Ironically, policies like the president’s proposed rule may not be the most effective way to reduce carbon emissions anyway:
- By raising energy prices and stunting economic growth, less wealth will be available to develop and consume innovative technologies that allow fossil fuels to be burned more cleanly, or wind and solar to produce power more efficiently, or battery systems to store energy more effectively. It is no coincidence that between 1980 and 2012 America’s GDP soared by 133 percent and aggregate emissions of the six common pollutants plummeted by 67 percent – all while population, energy consumption, and vehicle miles traveled rose.
- Europe’s experience demonstrates that the flexibility the president offers to the states to comply with the rule may do little to reduce carbon emissions. According to the Manhattan Institute report: “For its higher electricity costs, Europe has not received the benefit of higher carbon-emissions reductions: between 2005 and 2012, U.S. carbon dioxide emissions fell more than those of the EU did.

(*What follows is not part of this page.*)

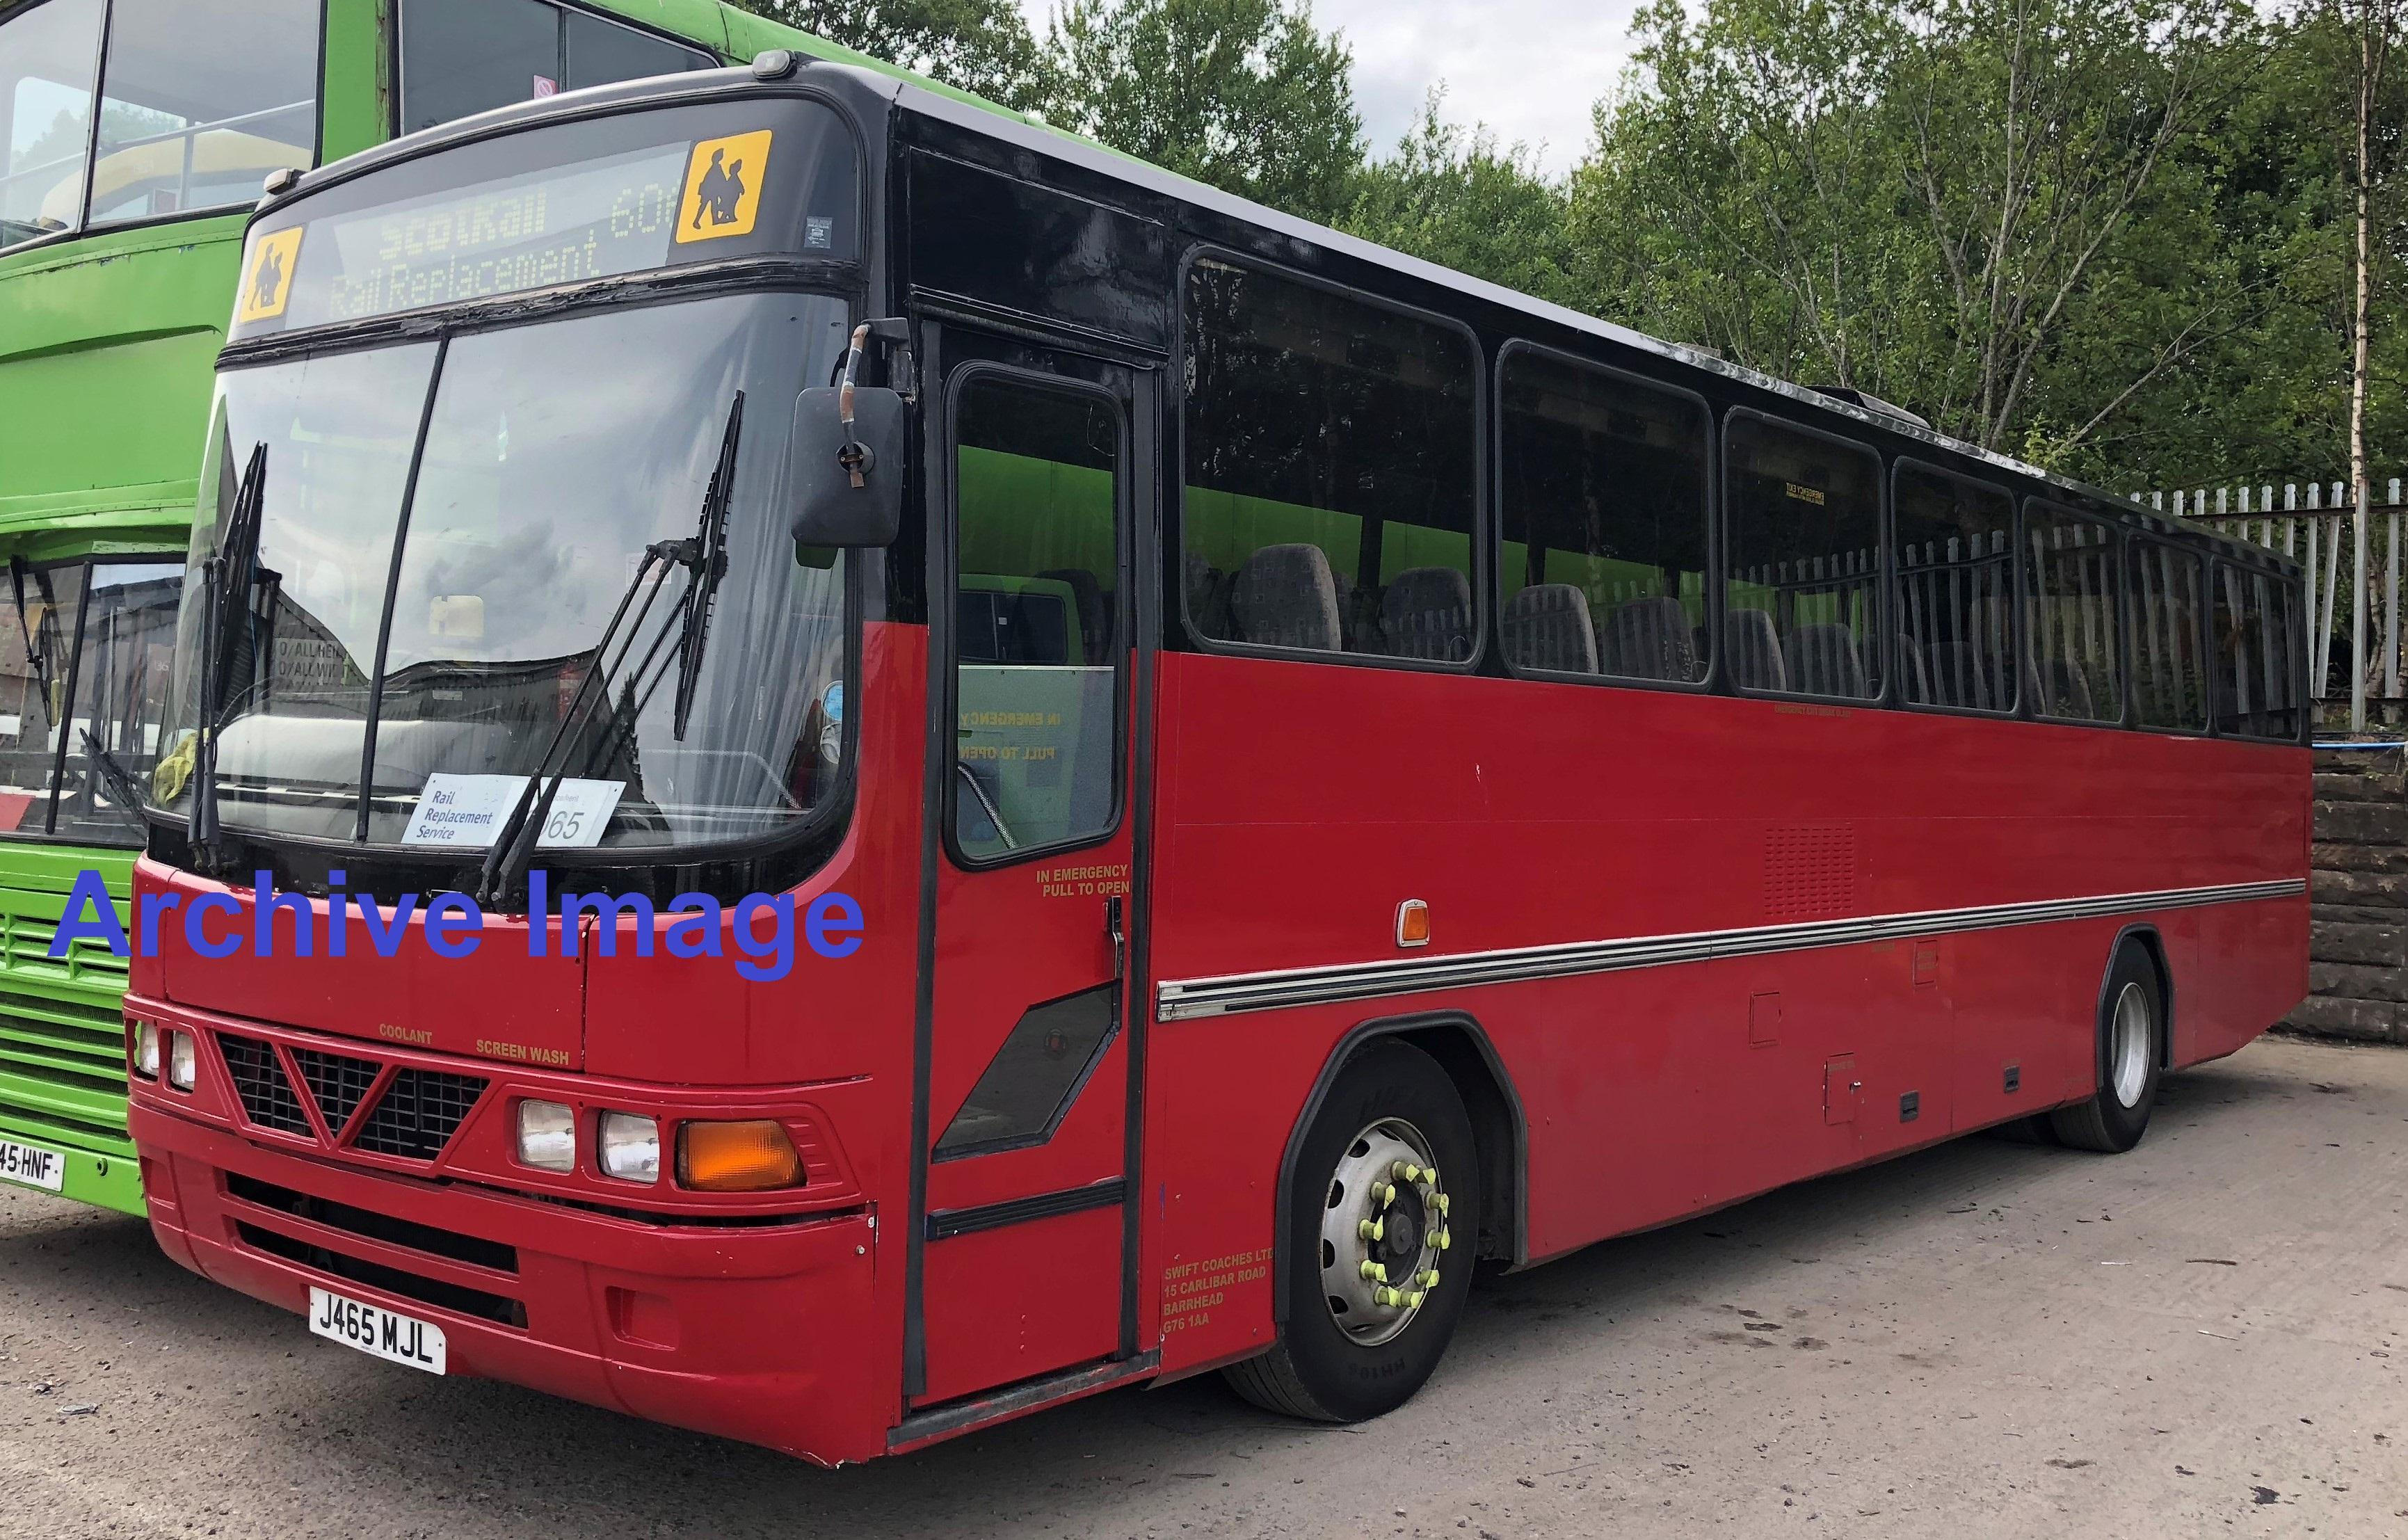 Leyland Tiger School Bus,Wright Endeavour Body, Registration: J465 MJL, Date of Registration- June - Image 5 of 5

Furthermore, in 2012, Germany’s carbon dioxide emissions actually rose by 1.3 percent over 2011 levels, while U.S. emissions fell by 3.9 percent.”
- The U.S. Chamber of Commerce predicted that the U.S. experience could closely follow Europe’s if an aggressive carbon emissions scheme targeting coal-fired power plants is implemented – incurring substantial costs in return for negligible environmental benefits.

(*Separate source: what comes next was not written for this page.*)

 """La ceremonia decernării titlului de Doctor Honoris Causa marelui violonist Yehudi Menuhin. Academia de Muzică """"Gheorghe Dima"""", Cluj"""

The only certain beneficiaries of the president’s proposed rule and his larger regulatory war on fossil fuels are likely to be the green energy venture capitalists and major political contributors to Democratic campaigns. Many of them have passed through the revolving door of the Obama administration, influencing the government’s anti-fossil fuel policies before returning to the private sector to profit from them.
Tom Steyer, a billionaire venture capitalist, has committed $100 million to defeat congressional candidates who support fossil fuels so Congress will pass policies that support his green energy investments in the future. It is no surprise that Steyer made millions off of fossil fuels before turning his fire against them.
Senate Democrats Protect the President’s Anti-Fossil Fuel Agenda
Democrats have used their control of the Senate to protect the president’s anti-fossil fuel agenda. Last month, Senate Republicans sought votes on amendments to approve energy projects like the Keystone XL pipeline that are being blocked by the president. Democrats voted against a Republican motion to make room on the amendment tree for legislation offered by Senator McConnell that would prevent the administration from imposing unworkable carbon emissions reductions on new and existing coal-fired power plants. Even energy-state Democrats sided with their party leadership instead of their constituents.
Democrats block McConnell Amendment 3013
Since 2009, the president and congressional Democrats have promoted spending, regulatory, and policy steps to reduce U.S. carbon emissions in the name of tackling climate change. They have tried to exploit federal power to shape the U.S. marketplace to give “green” energy an advantage over conventional fuels, while dismissing Republican proposals that would have advanced both.
Republicans will keep working to support energy sources that provide Americans with economic and social benefits. But energy-state Democrats must join Republicans in their fight against the administration’s policies. They must force the president to retreat from his regulatory war on fossil fuels. Anything less is just playing politics with the energy needs of average Americans.